How do the activities of the County of Dukes County accrue to the benefit of Vineyard voters and taxpayers? The theory at the time the existing Dukes County charter was proposed was that a central government structure would become the efficient engine performing needed services that must by their natures span town lines. This was how Dukes County would benefit its member towns.

But, it hasn’t, partly because no one had a clear vision of ways in which this municipality-spanning feature might be employed. Or, if someone had such a vision, he or she was unable to persuade the several towns to sign on. And that reveals the fundamental flaw in such thinking. Dukes County comprises seven different, independent communities, mostly happy in their difference and independence. County and town at Nantucket may be coterminous, but not here.

Or, consider the implications of the equalized real estate valuations of the several towns, as calculated by the state and used as the basis for apportioning the county’s costs to the towns. Suppose the towns would prefer a different method of allocating costs, for instance one based upon the value of services delivered by the county to the towns. Or, suppose voters wanted to have a say on the size of the budget, or at least of the 16.5 percent of the budget that county voters are obligated to pay. The current county structure effectively leaves voters out of the approval process.

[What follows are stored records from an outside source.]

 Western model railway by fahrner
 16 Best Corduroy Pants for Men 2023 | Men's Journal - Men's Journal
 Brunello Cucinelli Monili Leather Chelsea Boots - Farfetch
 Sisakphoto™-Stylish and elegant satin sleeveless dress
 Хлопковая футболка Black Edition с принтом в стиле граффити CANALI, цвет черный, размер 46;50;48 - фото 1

There isn’t a model county in Massachusetts whose structural features will suit Dukes County voters. It’s not a matter of adapting county government to a pattern operating elsewhere. Massachusetts has all but extinguished the county government relic. The question is, why have a county government at all? Why have one if we cannot conceive an authentic purpose for it? Perhaps Ms. Rogers will think of something useful for the county to do. We’re rooting for her, but we’re skeptical.